• _Exercise material_:
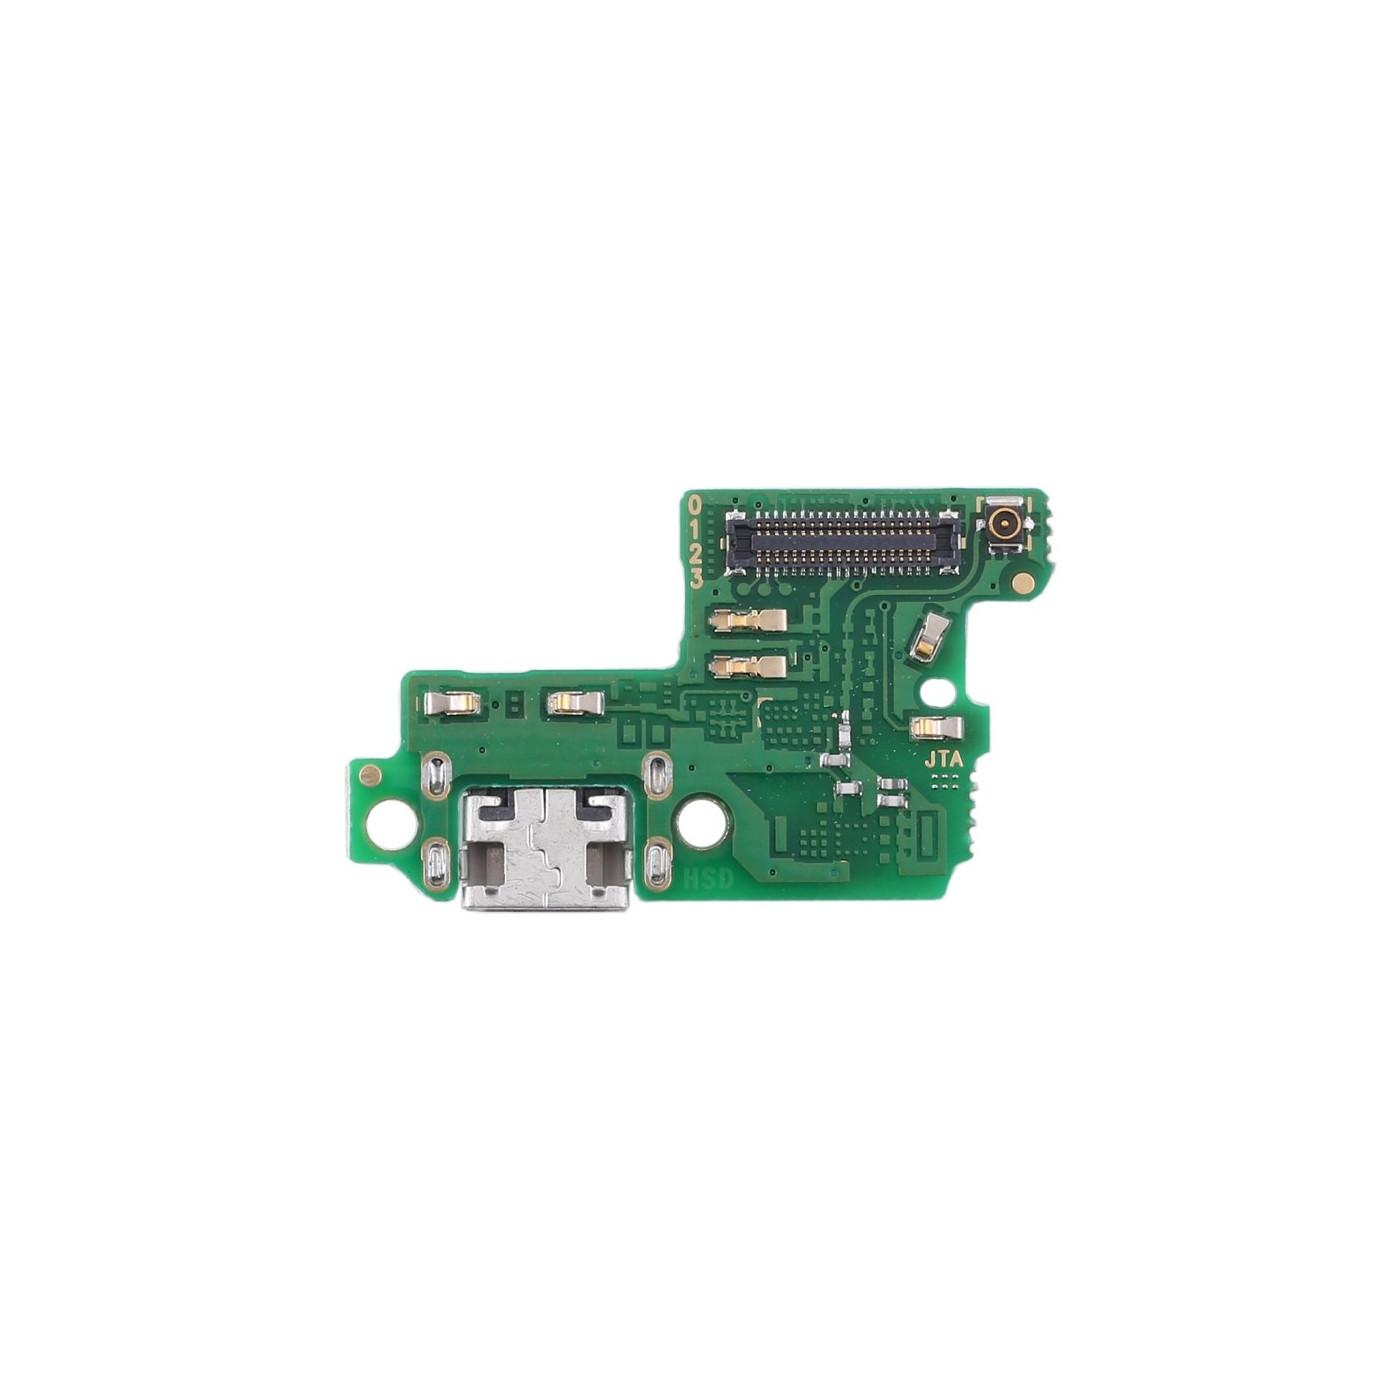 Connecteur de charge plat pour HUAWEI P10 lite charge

==

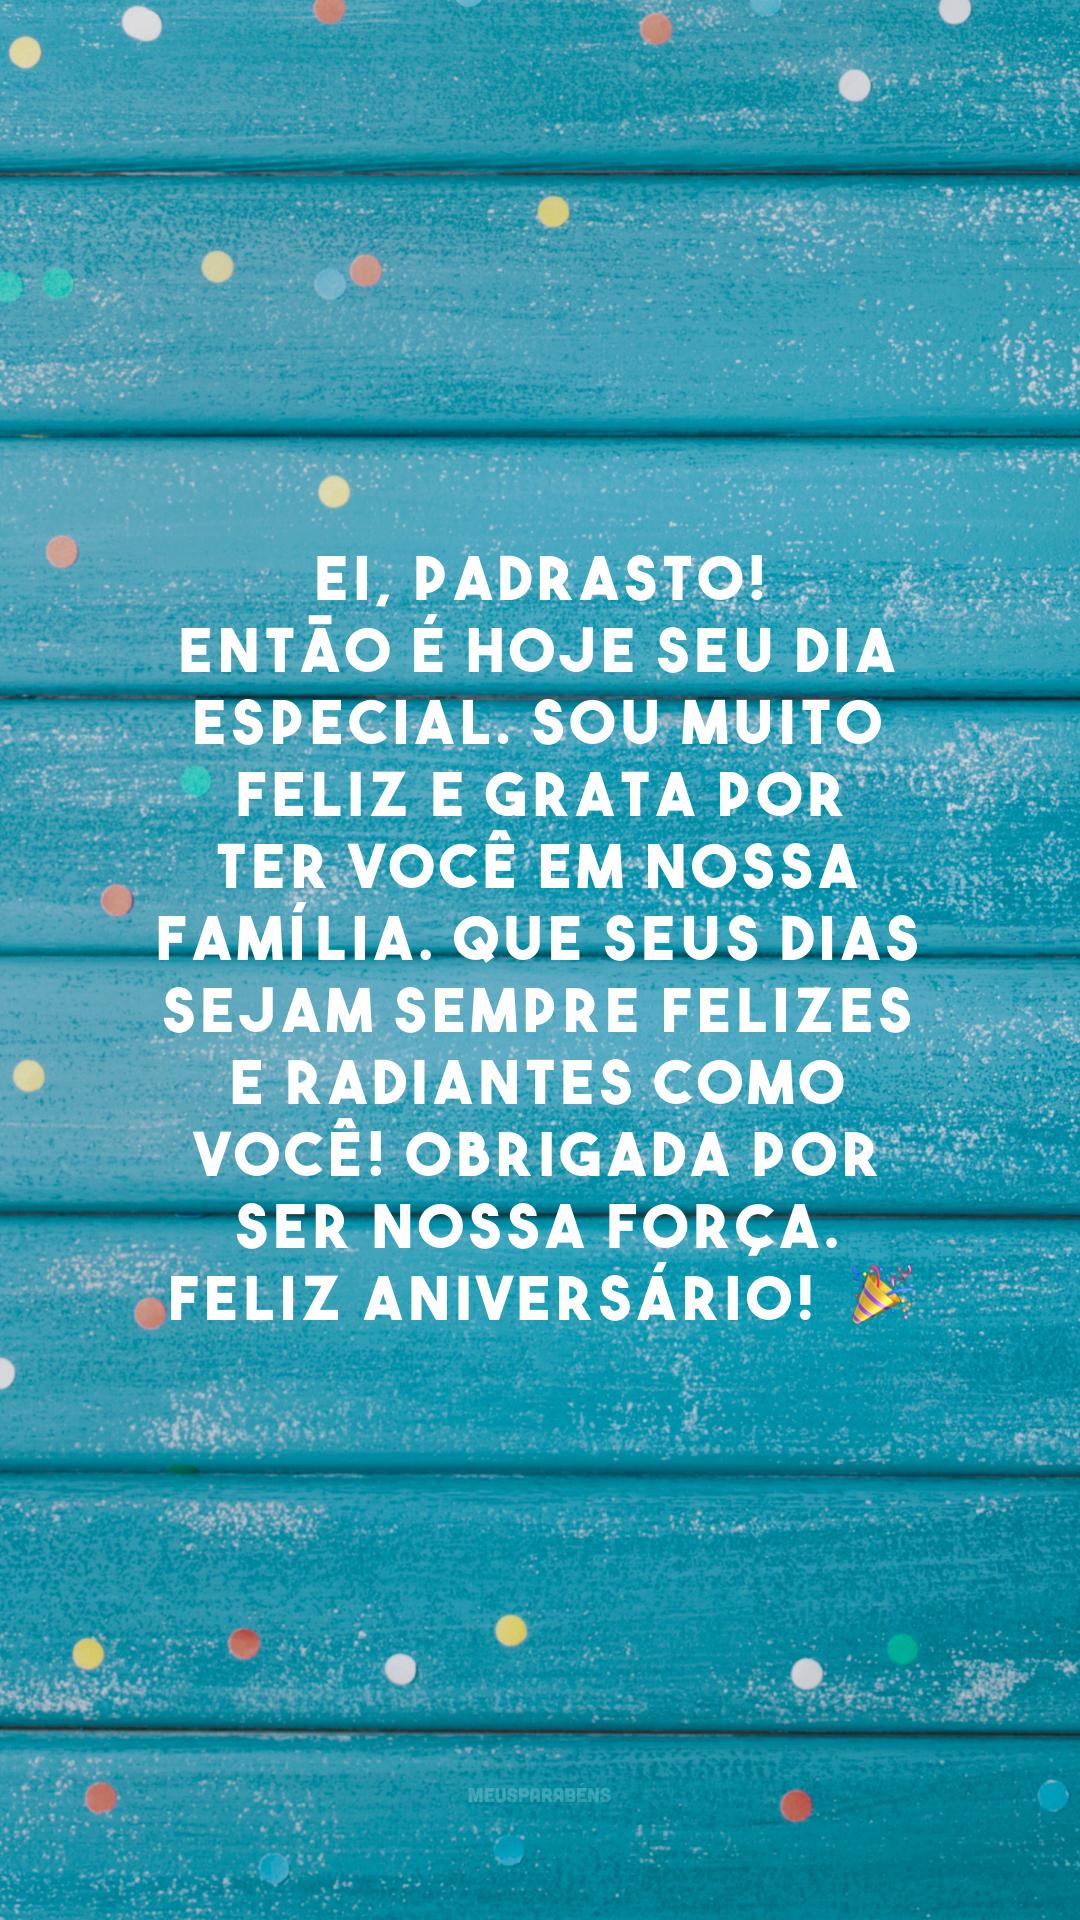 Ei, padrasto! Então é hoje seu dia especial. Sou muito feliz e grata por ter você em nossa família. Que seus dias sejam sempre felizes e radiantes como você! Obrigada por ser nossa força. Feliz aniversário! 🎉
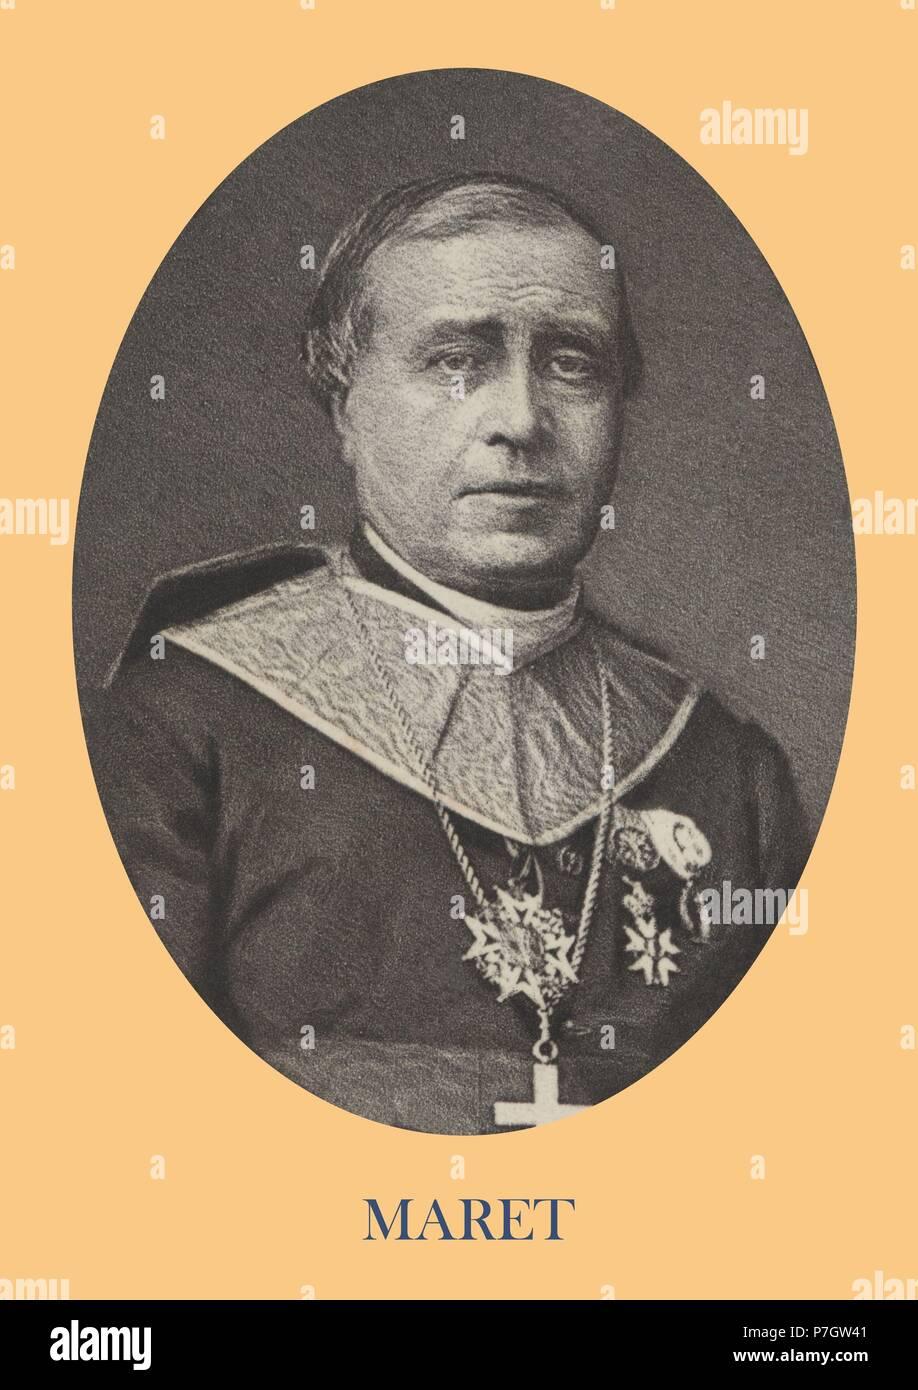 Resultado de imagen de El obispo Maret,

• _Brief_: Could you repeat, exactly, only the lines above starting at the one that has "Ei, padrasto! Então" and stopping after the one that has "Resultado de imagen", without the pictures?

• _Exercise output_:
 Ei, padrasto! Então é hoje seu dia especial. Sou muito feliz e grata por ter você em nossa família. Que seus dias sejam sempre felizes e radiantes como você! Obrigada por ser nossa força. Feliz aniversário! 🎉
 Resultado de imagen de El obispo Maret,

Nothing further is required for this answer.